The Story
Why it exists.
The beginning
Daisy Love Skies arrived in 2021 as a new expression within the sweet-fruity family, but stretched toward something more open and expansive. The name says it: where the original leaned into warmth and intimacy, this one reaches upward, toward air and light and salt. The perfumer approached the composition with that tension in mind: how to preserve the sweetness that defined Daisy Love while giving it enough freshness to feel new. The answer was salt. Not marine, not aquatic, a mineral quality that sits underneath the fruit and keeps everything from cloying. It's the difference between eating raspberry candy on a beach and eating raspberry candy on a terrace with a sea breeze.
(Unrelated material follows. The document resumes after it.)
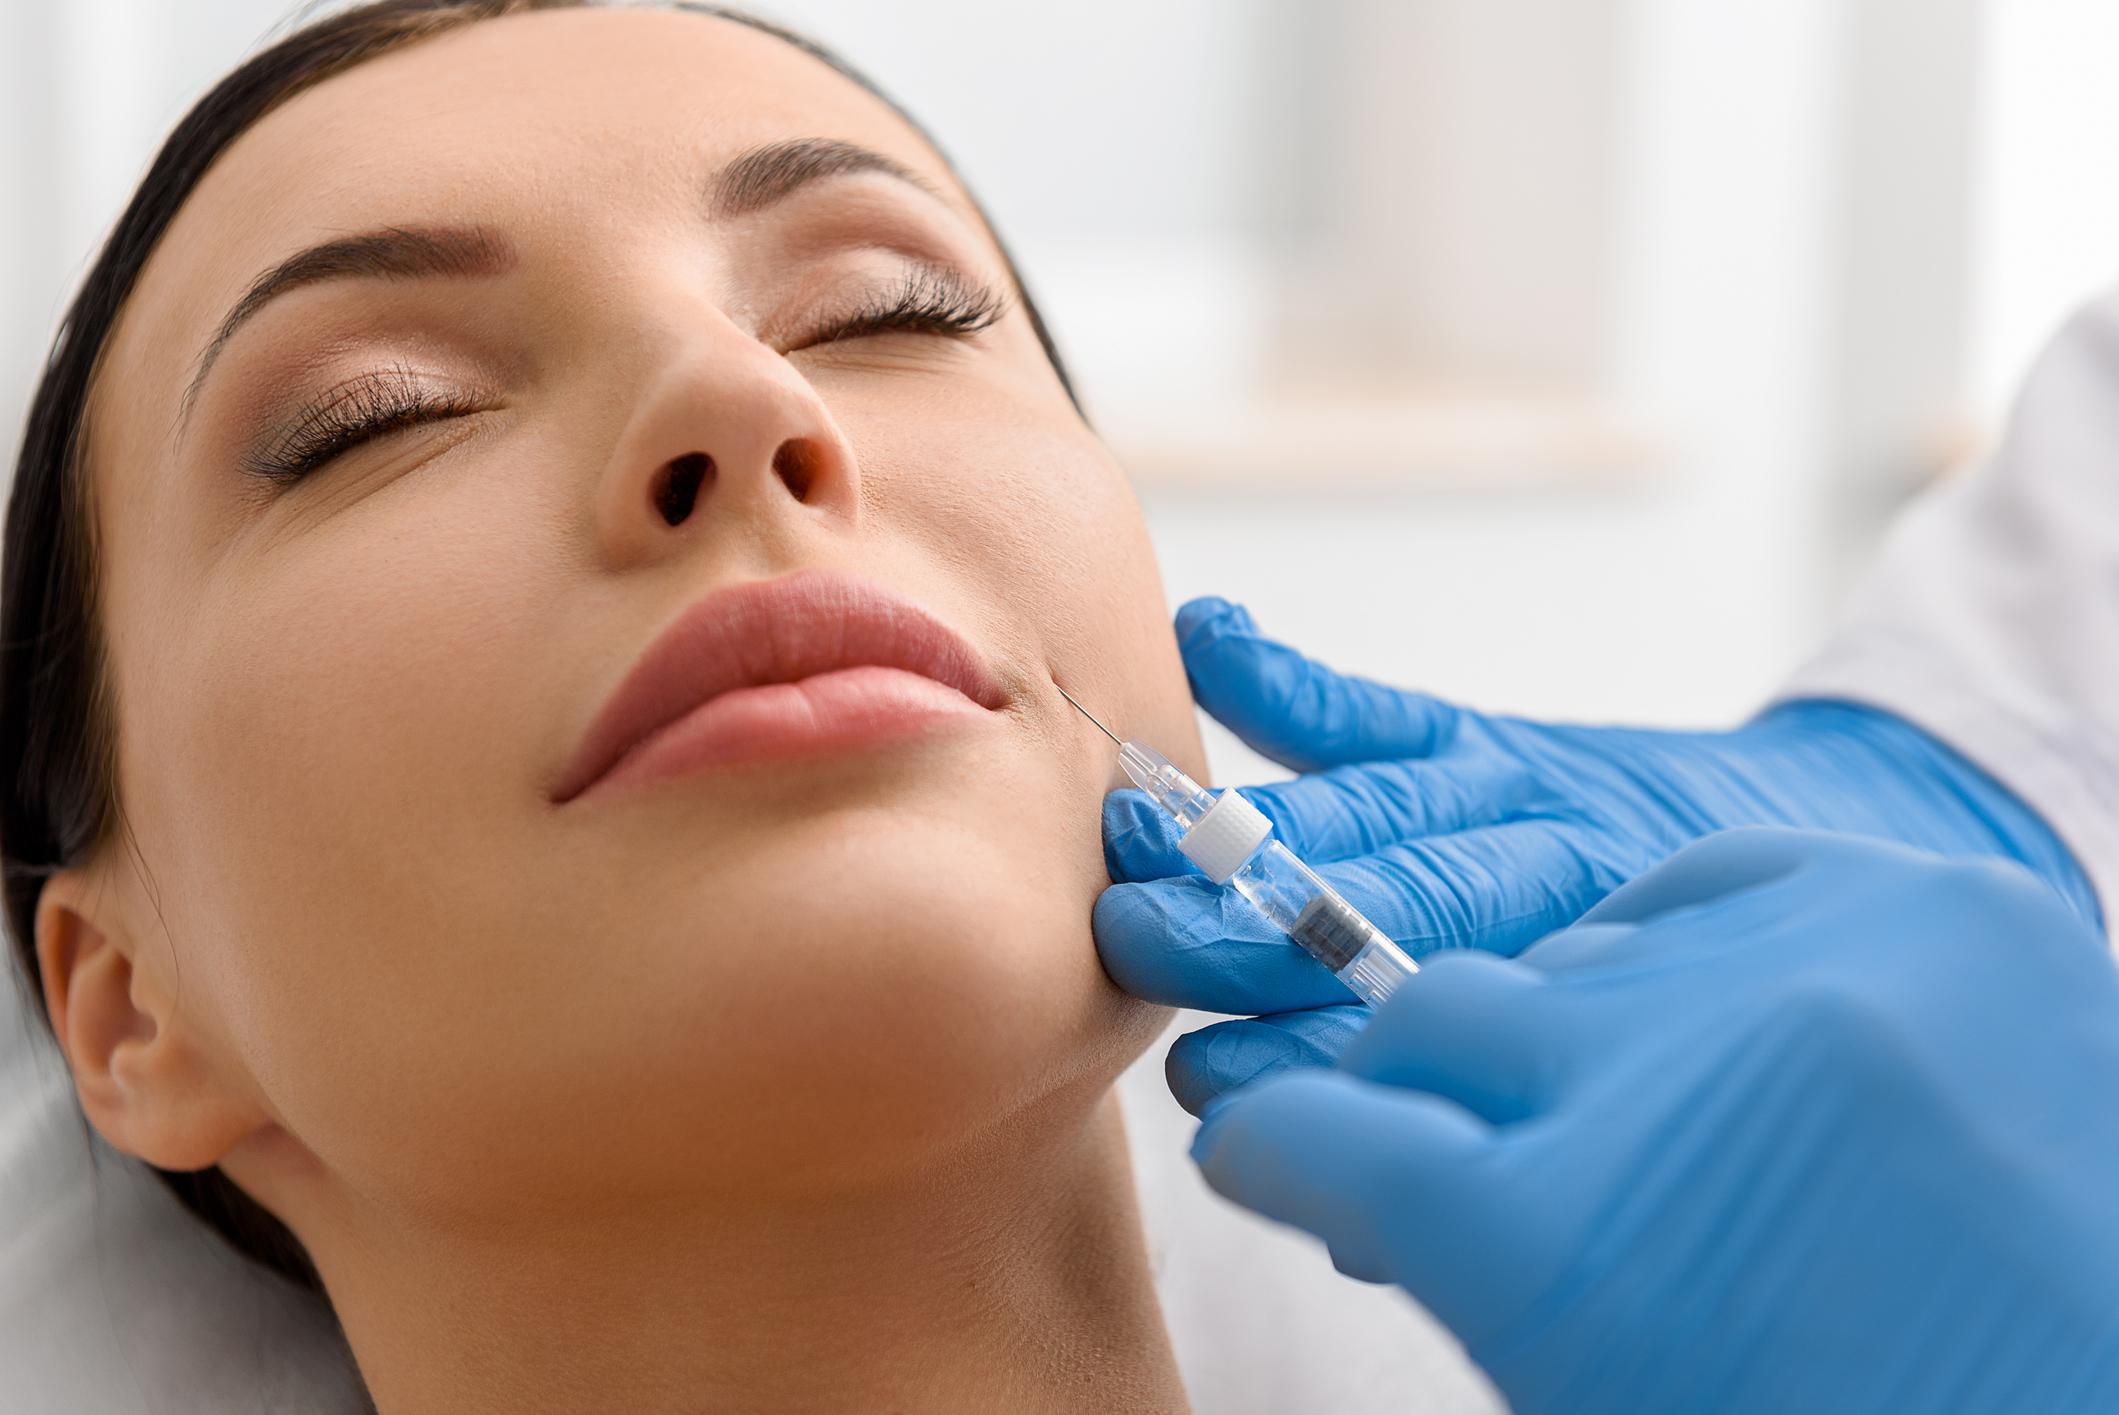 Dermal Filler: Nasolabial Folds

The structural confidence of this composition shows in how it doesn't reach for the obvious aquatic accord. Instead, it uses abelmoschus, ambrette seed, which behaves differently than a traditional floral, closer to a warm, subtle presence. The result is a heart that smells like skin, not perfume. Salt does the heavy lifting in the opening, lifting the cloudberry and raspberry into something that reads as coastal air rather than confection. The whipped cream note in the heart creates something softer and more intimate, layered underneath the fruit.
The evolution
The opening hits bright and tart, cloudberry and raspberry with an immediate mineral edge from the salt. It reads as coastal air, not a fruit salad. The salt doesn't disappear. It softens as the heart develops, but it never fully leaves. The whipped cream arrives as the fruit settles, layering underneath it and creating something softer and more intimate. The daisy note begins to surface, powdery and clean, present earlier than expected. The heart phase is quiet, warm, skin-like. As it transitions, the fruit and cream have faded, but moss and amber create something that still smells fresh, still smells like mineral sweetness. This is the part that lingers, moderate longevity with moderate sillage, close to the body rather than projecting outward. It's the scent of someone who's been in the sun, not someone who bathed in it.
Cultural impact
Daisy Love Skies sits in the sweet-fruity family that characterizes the Daisy line, but the salt note shifts the conversation. It's not another coconut-vanilla flanker. It's a fragrance that smells like the air near water, mineral, bright, effortless. Joy without heaviness, sweetness without cloying. The composition doesn't try too hard. It just works, with a structural confidence that comes through in every phase of the scent.